Home Others Criteria For Choosing A Data Warehouse

Criteria For Choosing A Data Warehouse


As it’s astoundingly complex and tedious to extract actionable information from the colossal wealth of available data, there are various data warehouses you can choose from, and introducing the right platform will definitely set the parameters for your company’s IT culture

For that reason, it’s crucial to make proper choices from the outset when picking a data warehouse platform. Either if you’re implementing a new data warehouse solution or developing your existing one, you have to select the best choice available.

If you are developing your existing data warehouse, you have to compare your present solution with others on the market to understand if there are more appropriate features. This choice is incredibly complicated if you are a new user and don’t have any experience to base your choice on.

Whereas there’s no universal answer, there are still better and worse choices for each scenario. To evade the insufferable pain of being stuck with an ill-fitting solution, we suggest using the following criteria for assessing data warehouse vendors and platforms.

According To Cloud Vendors, Redshift Is In The Lead

Many vendors have run comprehensive performance testing between various cloud technologies. Most of the time, AWS Redshift comes out on top. However, in some categories, BigQuery has the upper hand.

So, experts did a performance benchmark test and compared Redshift vs. BigQuery. They found out that contrary to earlier findings when properly optimized, Redshift surpasses BigQuery in 9 out of 11 use-cases. The only case where BigQuery had shown better performance was in assembly operations.

Also, after a series of examinations and comparing BigQuery and Redshift pricing, Redshift was declared an obvious winner in terms of both price and performance. It was found that Redshift is the best option for real-time query speeds on customers’ ordinary data volumes.


Many companies falsely believe that DWaaS (data warehouse as a service) can be low on your list because speed restrictions are imposed by network delays with cloud access. That leads many companies to go for on-premises deployment. Indeed, numerous issues from security to flexibility and scalability in changing node types are naturally substandard in an on-premise solution.

For most users, higher performance and availability can be reached with leading cloud data warehouse providers. Most companies are better off with a cloud vendor in terms of their data warehouse or overall analytics infrastructure needs.  

It’s a common misconception to believe that cloud solutions don’t require comprehensive in-house adjustment and administration. Anybody who’s ever dealt with data management in the cloud understands that the tasks involved are complex and ongoing. Having said that, in relation to on-premise solutions, it’s a walk in the park.


The leaders when it comes to cloud infrastructure technologies Google, Microsoft and Amazon are all usually reliable, particularly when compared to the on-premise option where far more factors in the chain depend on you. With that said, no matter how respectable the vendor is, as the AWS S3 outage showed, even the best vendors can have a rough day. So, not only do you need to look at the frequency of incidents in the past, but also at how thoroughly and quickly the vendor reacted to it.

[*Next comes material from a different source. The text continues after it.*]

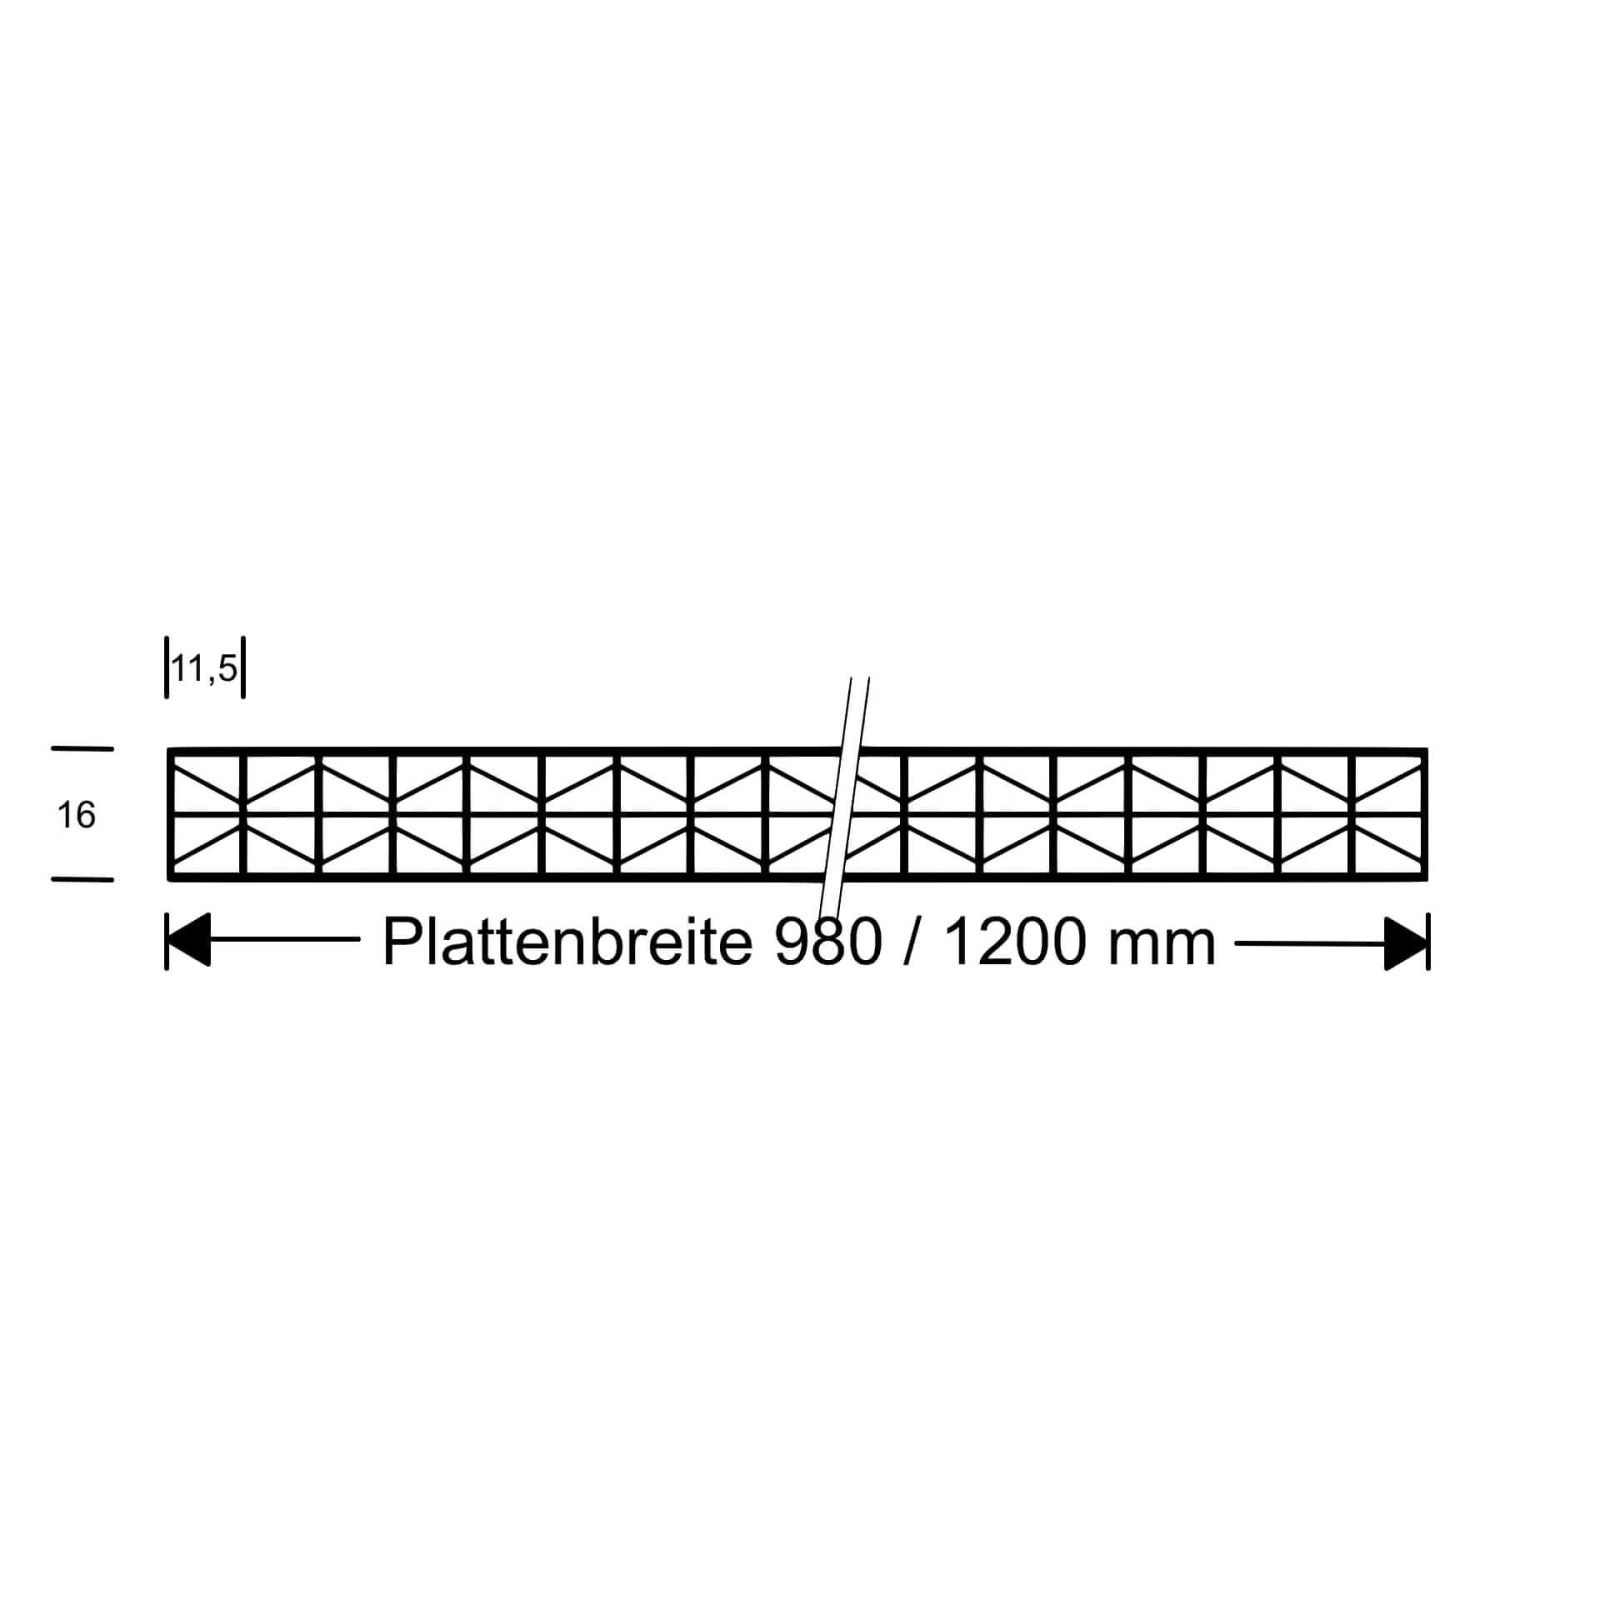 Polycarbonat Stegplatte | 16 mm | Profil Zevener Sprosse | Sparpaket | Plattenbreite 1200 mm | Opal Weiß | Extra stark | Breite 3,79 m | Länge 2,00 m #10

Professional and reliable support is one of the critical criteria to consider once choosing a DWaaS platform. Today, according to some beliefs, only a few vendors genuinely offer a good enough SLA for resolving today’s on-demand support needs for data-savvy customers. 


For every company that is building on enormous growth, the infrastructure scalability in the cloud should be measured in the context of resources, costs, and simplicity. Many infrastructure cloud providers offer an easy way to scale your cluster, while others, such as Google BigQuery, scale smoothly in the background.

BigQuery’s most crucial advantage is the stable and quick resizing of a cluster up to a petabyte scale. Contrary to Redshift, there’s no need to continuously track and analyze the cluster size and growth in an attempt to optimize its size to meet the current dataset requirements. Besides, Redshift scalability allows users to enjoy a boost in performance when resources including memory and I/O capacity rise.  

Usability, Security, And Integration

When your data expands, the number of data sources grows and data logic becomes more complex. Furthermore, you’ll also want to include management functions and features such as DBA productivity tools, locking schemes, monitoring utilities, and similar security mechanisms, remote maintenance abilities, and user charge-back enhancements into your infrastructure. 

The capability to change data types and apply new tables and indexes as you please may sometimes be a lengthy procedure. By taking this into account beforehand may prevent unbearable pain in the future.

When absorbing data into your analytics architecture it’s vital to evaluate the type of methodology in order to do so. The difference between the right absorption methodology and the wrong one is generally the difference between data loss and abundant data and the difference between a well-ordered scheme and a data swamp.

Final Words

So, which DW is the best? That’s totally up to you. Each business has its unique needs and specifications that might relate better to one over the other. Anyhow, you can’t go wrong because they all pair well. Although this list is tailored to Redshift and BigQuery, the above-given criteria can be applied to other data warehouses as well.